The curve of the lift coefficient corresponding to the buffet onset angle of attack against Mach number is called the buffet boundary. The higher the buffet boundary, the lower the minimum level flight speed of the aircraft, and the better its maneuverability and safety in flight.

The buffet boundary parameter (M²CL) is the product of the square of the Mach number and the maximum usable lift coefficient. When the buffet boundary value is exceeded, the wake (turbulence) from the separated airflow on the wing usually acts on the tail, causing unacceptable aircraft buffet.

The buffet boundary typically corresponds to the appearance of a “certain area” of separated airflow on the wing. Since the maximum cruise lift coefficient of commercial airliners is limited by the onset of buffet at 1.3g load factor (approximately a 40-degree bank maneuver by the pilot or encountering severe gusts), it is almost as important as drag in determining raw aircraft performance data.

The peak of the buffet boundary determines the maximum altitude an aircraft can maintain at a given wing loading. If the buffet boundary is lower, in order to maintain a 0.3g load margin between the cruise lift coefficient and the buffet boundary, the desired cruise lift coefficient must be reduced, leading to a lower cruise altitude. Since the fuel consumption rate of jet engines increases with decreasing altitude, fuel efficiency is also reduced. Additionally, this may result in an inability to fully utilize the cruise altitude range assigned by Air Traffic Control, potentially causing a loss of cruise performance.

Modern airliners are designed so that the airframe experiences buffet as a warning when airspeed drops to 107% of the stall speed. Stall speed increases with aircraft weight and altitude. That is, at the same speed, a heavier aircraft or one flying higher will have a higher stall speed.

The stall speed specification refers to the aircraft’s speed under level flight conditions. However, when the aircraft is banked, such as during a turn, the stall speed increases as the G-force increases.

Therefore, when flying near the buffet onset speed, if the aircraft banks due to air currents, there is a high probability that the aircraft will stall.

G-force can be calculated as 1/COSθ (where θ is the bank angle). For example, 60 degrees results in 2G, and 40 degrees in 1.3G.

The 1.3G buffet boundary is the speed at which buffet will occur during a 40-degree banked flight. Therefore, when flying at the speed of the 1.3G buffet boundary, even if a 40-degree bank occurs, buffet will not occur.

Generally, airliners fly at speeds above the 1.3G buffet boundary, and bank angles do not exceed 30 degrees, so a safety margin is guaranteed. However, regulations differ regarding turbulence: in light turbulence, a 1.3G buffet boundary is required, while in moderate to severe turbulence, a 1.5G buffet boundary is required.

Let’s look at a case study from a blog by an ANA 744 pilot.

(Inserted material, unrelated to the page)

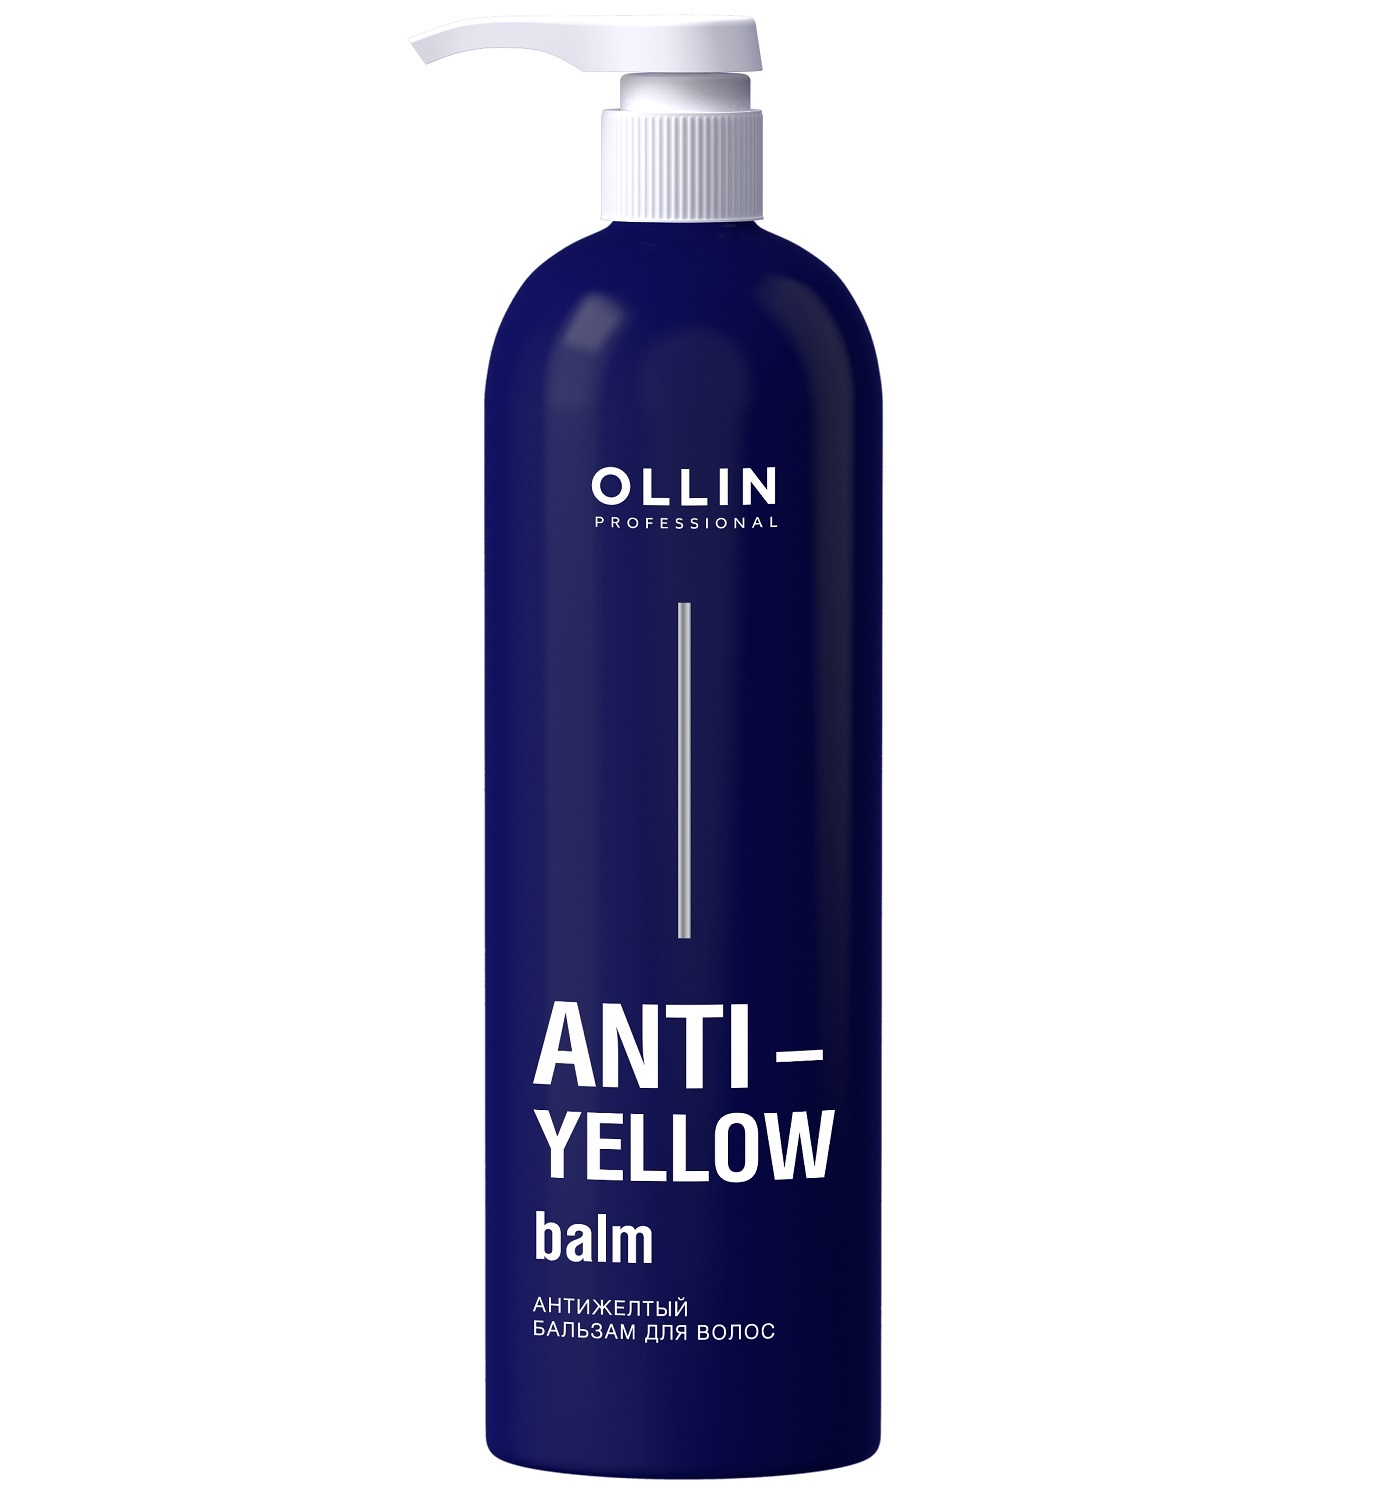 Ollin Professional Антижелтый бальзам для волос Anti-Yellow Balm, 500 мл (Ollin Professional, Anti-Yellow) антижелтый шампунь для волос anti yellow ollin 250 мл

One day, while flying at FL370, he heard another aircraft ahead report moderate turbulence at FL410, and nearby aircraft began requesting climbs to FL430. However, checking the FMS-CDU revealed that the maximum possible altitude was only FL433. If climbing to FL430, the 1.3G buffet boundary would be between 238 and 254 knots. If a 1.3G load factor occurred near this speed, buffet would be highly likely. Therefore, his countermeasure was not to climb but to request a detour to the south to avoid the turbulent airspace.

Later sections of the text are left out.